Caca melirik Ammar yang masih fokus dengan jalanan. Tangan kokoh yang kemarin menggendongnya mengemudikan setir dengan memegangnya erat. Terlihat sekali kalau Ammar masih marah.
"Mas..." cicit Caca. "Mas marah ya?" Caca memeluk lengan Ammar dan menyenderkan kepalanya di bahu.
Amarah Ammar seketika surut. Dia beristighfar dan mengusap wajahnya kasar. Dia melirik bidadarinya yang tampak merasa bersalah. Allah, baru sehari mereka menikah namun dia sudah membuatnya begini.
"Caca nggak mau liat Mas marah gini. Maaf ya!" cicit Caca lagi. Melihat tidak ada penolakan dari Ammar yang disenderi, Caca semakin menyeludupkan kepalanya ke bahu pria itu. Menghirup wangi parfum bulgarinya yang membuat Caca merasa nyaman. Saat merasa ada sebuah tangan mengelus puncak kepalanya, dia mendongak dan bersirobok dengan mata Ammar yang tengah menatapnya juga.
Caca mengulas senyum.
Ammar yang masih menunjukan wajah datarnya itu angkat bicara, "jelasin ke Mas saat di rumah!"
Jelas dan tegas Ammar berbicara.Caca tahu itu titah yang harus dia lakukan tanpa kecuali. Dia siap untuk menjelaskannya jika itu tidak akan membuat suaminya marah lagi.
***
Ammar dan Caca masuk ke dalam kamar mereka. Menutup pintu rapat dan menguncinya.
Caca duduk di tepi kasur melihat Ammar yang seperti mencari-cari sesuatu.
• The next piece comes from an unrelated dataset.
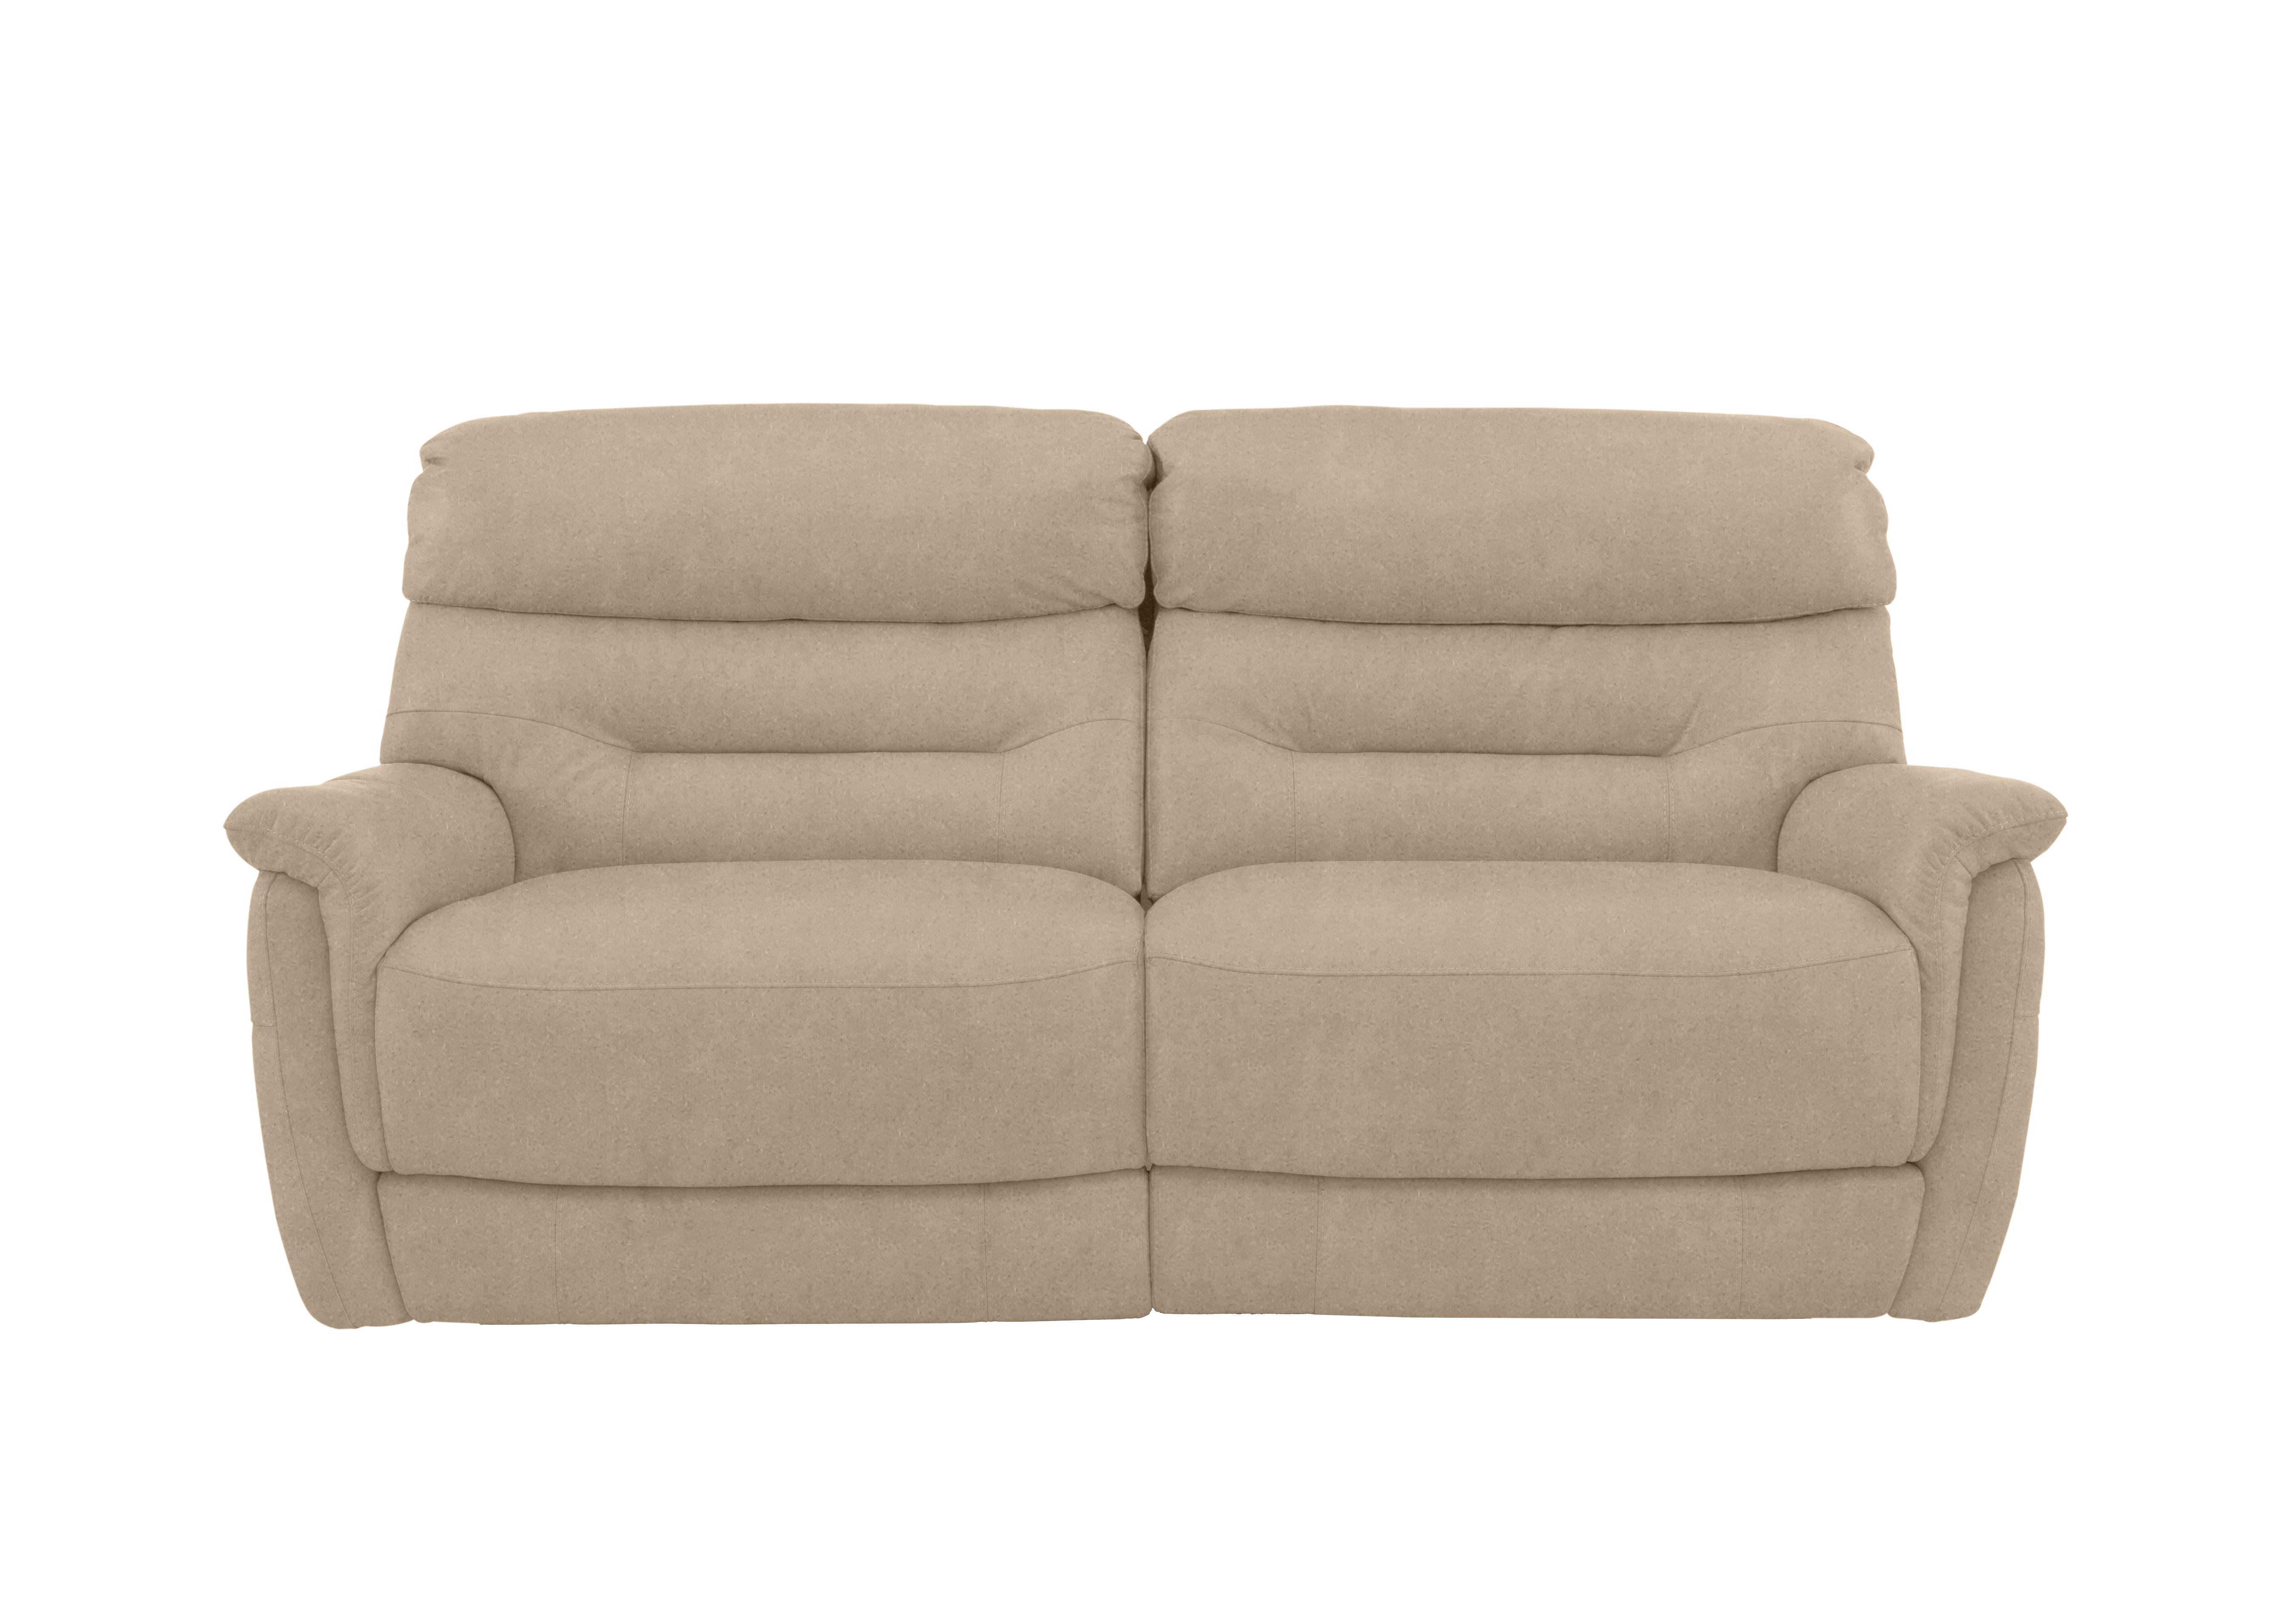 Chicago 3 Seater Fabric Sofa in Bfa-Blj-R20 Bisque on Furniture Village

"Cari apa, Mas?" tanya Caca. Dia mendekati Ammar dan menyentuh pundak pria itu.
"Handuk." Hanya singkat Ammar membalas.
"Coba Mas tanya sama aku, aku kan istri Mas, kemungkinan barang yang Mas cari aku tahu karena aku sudah beresin kamarnya." Caca berjalan ke arah lemari dan mengambil handuk di sana. "Handuknya di lemari. Kemarin baru di cuci. Nih!" Ammar meraih handuk itu.
"Mas," Caca memanggilnya yang hendak membuka pintu kamar mandi.
Ammar menoleh dan menaikan alis tanpa membuka suara.
Caca menundukkan wajahnya dan tangannya memilin bajunya dengan malu.
"Apakah Mas tahu kalo Rasulullah pernah mandi bersama dengan istrinya?"
Ammar mengurungkan niatnya membuka pintu dan mendekati istrinya. Semarah-marahnya, dia tidak bisa begitu saja mengabaikan istrinya.
"Ya, Mas tahu." Jawab Ammar yang membuat Caca menaikan pandangannya. Dia bersyukur suaminya tidak mengacuhkannya.
"Lalu, bagaimana hukumnya?" tanya Caca lagi. Dia membalas tatapan Ammar yang terpusat pada dirinya.
"Boleh. Sah, sah saja kalo sepasang suami istri ingin mandi bersama. Berbeda kalo yang bukan muhrim, itu diharamkan. Secara ringkasnya begitu."
Setelahnya Caca mengulas senyum lebar yang membuat Ammar menautkan alisnya.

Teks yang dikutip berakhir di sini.